Out-of-work men bare souls, more in ABQ Little Theatre’s ‘Full Monty’
Rust is devouring Buffalo’s steel mills, and six men are out of work. Jerry collects unemployment checks as he struggles to support his son, Nathan. His wife, Pam, left him for another man, and she’s threatening to take him to court.
Then Jerry catches Pam and her girlfriends going crazy over some Chippendales dancers.
“The Full Monty,” opening on Friday, May 25, bares it all at the Albuquerque Little Theatre.
The musical comedy sticks closely to the plot of the 1997 movie, transferring it from Sheffield, England, to New York.
“It’s really a touching story,” director Henry Avery said. “The town of Buffalo is economically challenged, and all the factories are closed and all the men are out of
work.”
The dejected men describe themselves as “scrap.”
But the women aren’t out of work; the downturn has turned them into de facto breadwinners. They funnel their disposable income into a girls’ night out with male strippers.
“The men are all jealous,” Avery said.
One bemoans his weight, another still lives with his mother.
So Jerry recruits five of his unemployed friends to learn to bump and grind.

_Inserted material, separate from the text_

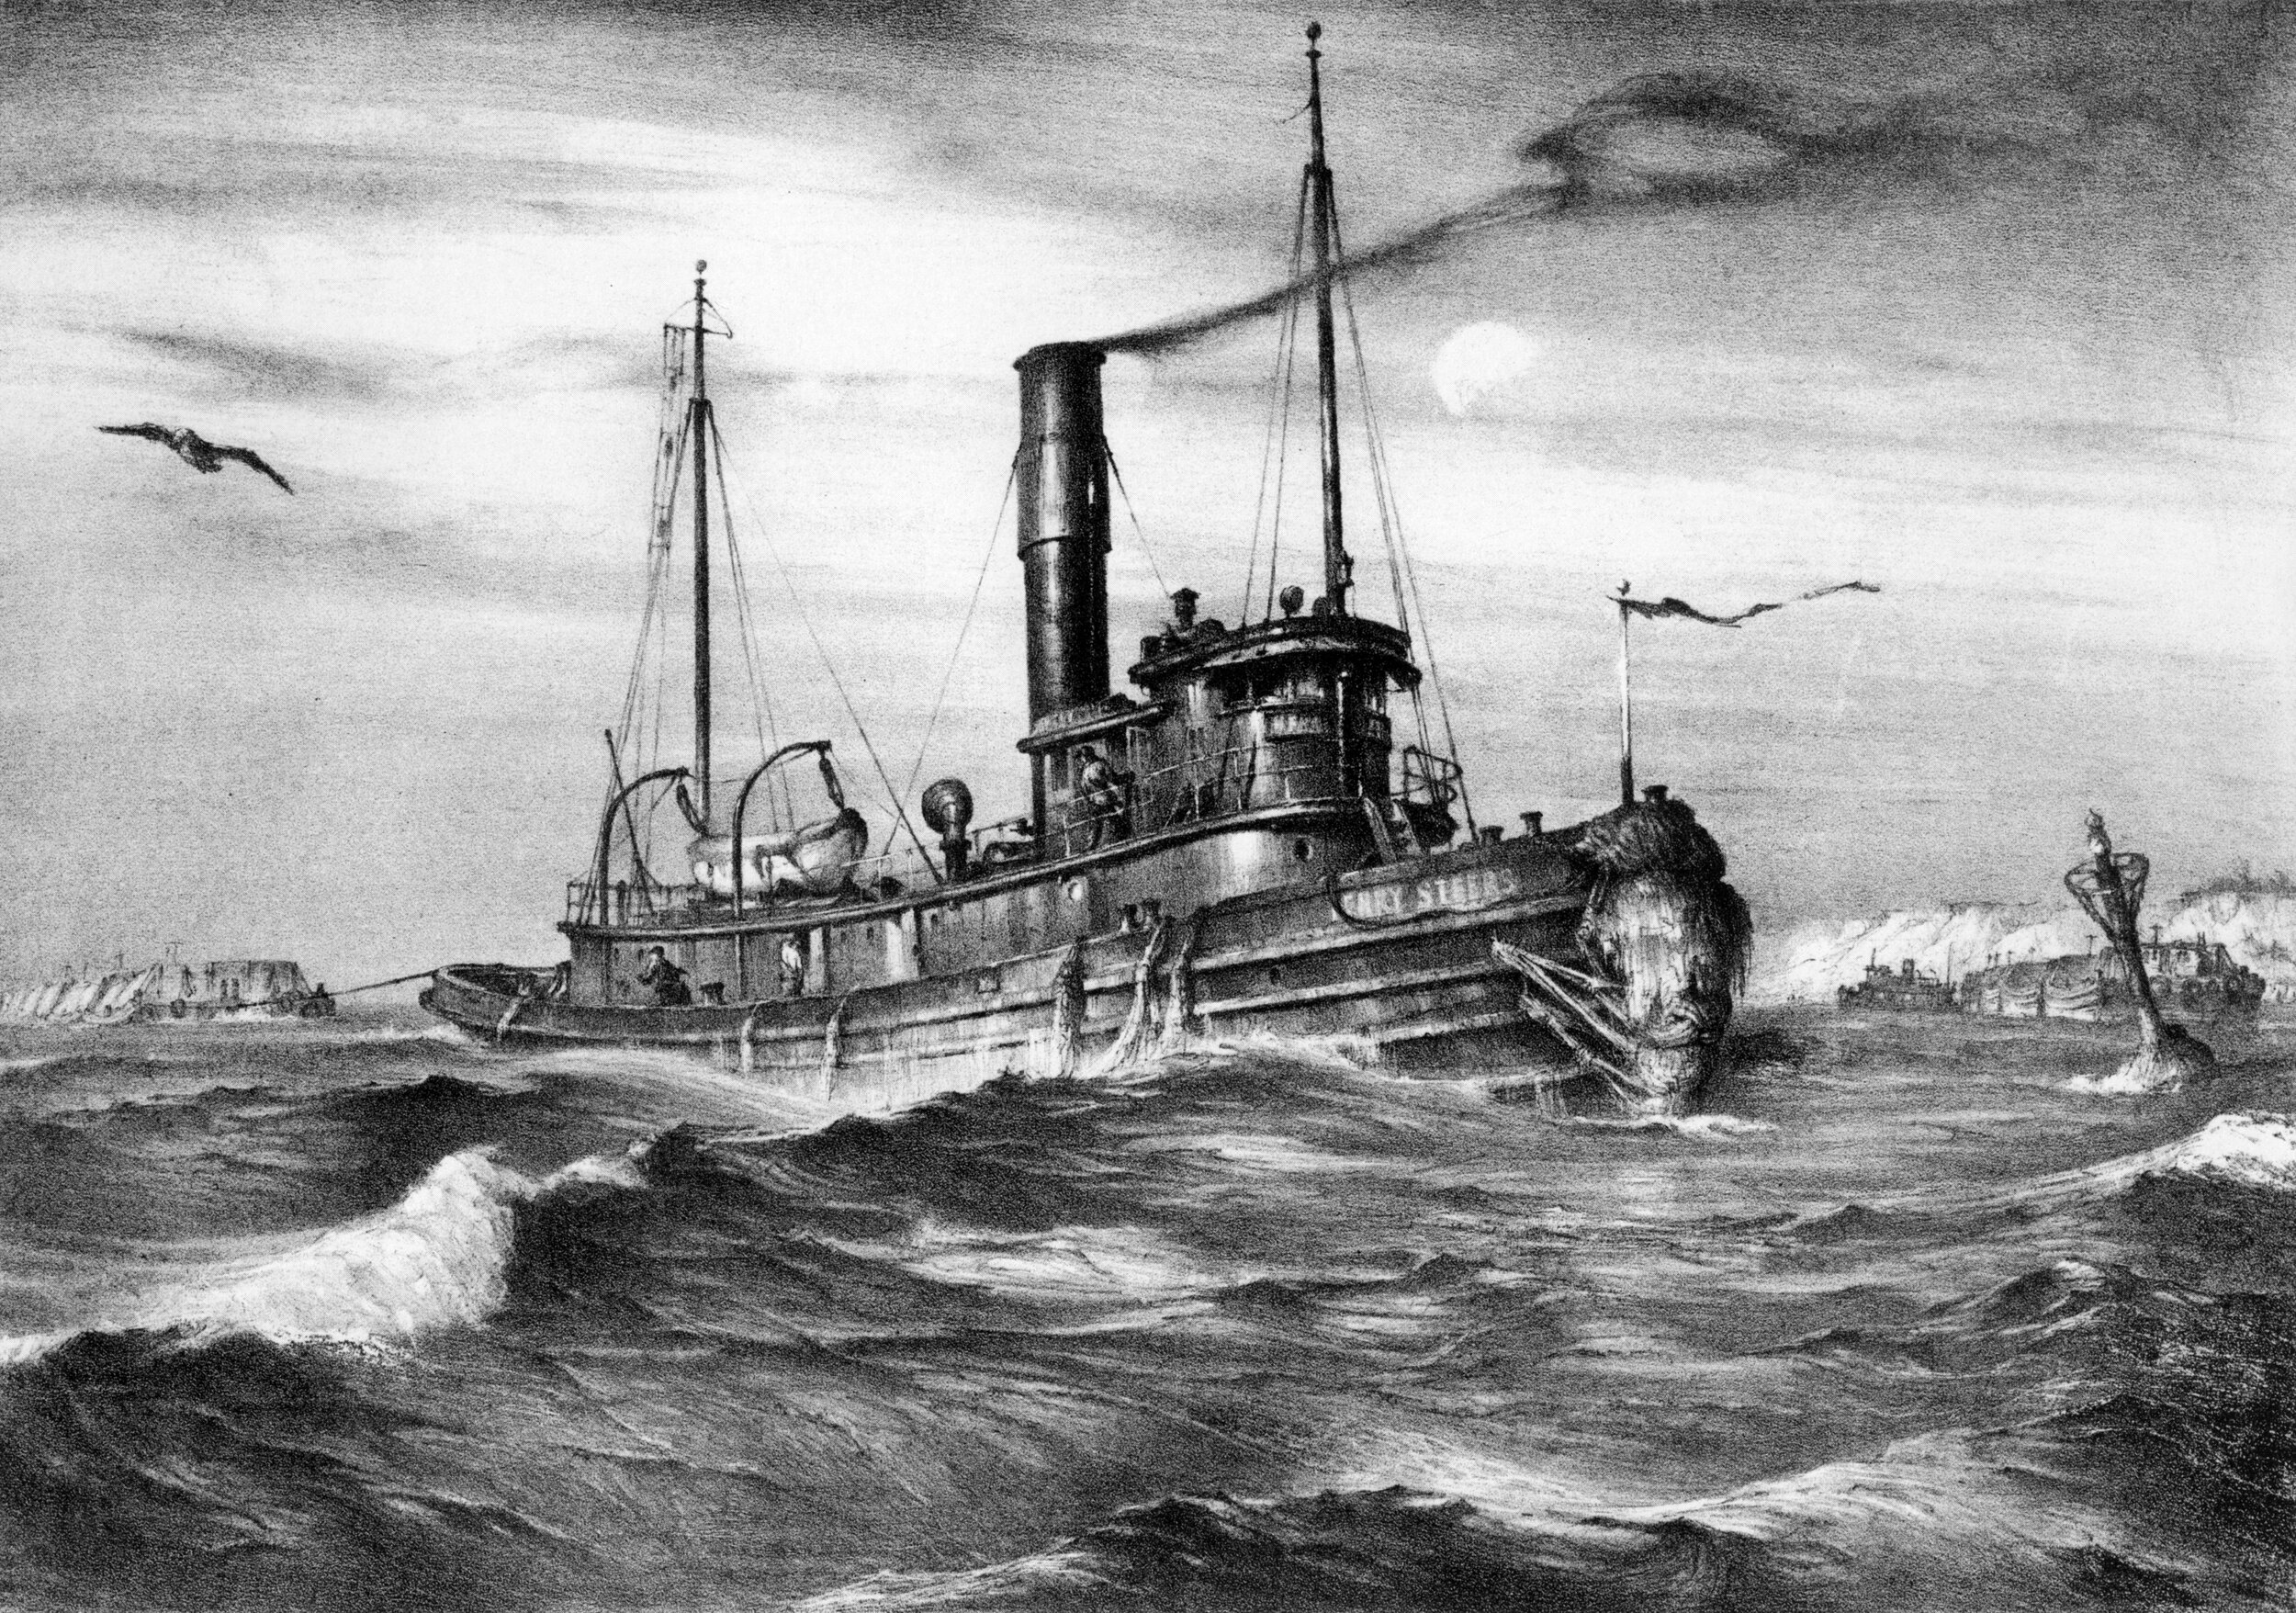  John A. Noble (1913-1983)   Sand Tow , Henry Steers  Lithograph, Edition 150, 1949, 11 ¼” x 16”   Gift of James M. Scott, in memory of Dr. Dennis J. Donovan

Of course, they can’t dance. The former co-workers perform a clumsy series of strip club auditions. Jerry fires them up, coaching them to think of it not as dance, but as sports moves.
As the men rehearse, their wives get suspicious. When one discovers her husband’s G-string, she becomes convinced he’s having an affair.
Jerry declares them better than Chippendales because they’ll go “the full monty” and strip all the way.
“It’s very tasteful; nobody shows anything really,” Avery said. “It’s done with lights.”
ALT last produced the show about 10 years ago, he said.
“They find a lot more than the money. They find themselves.”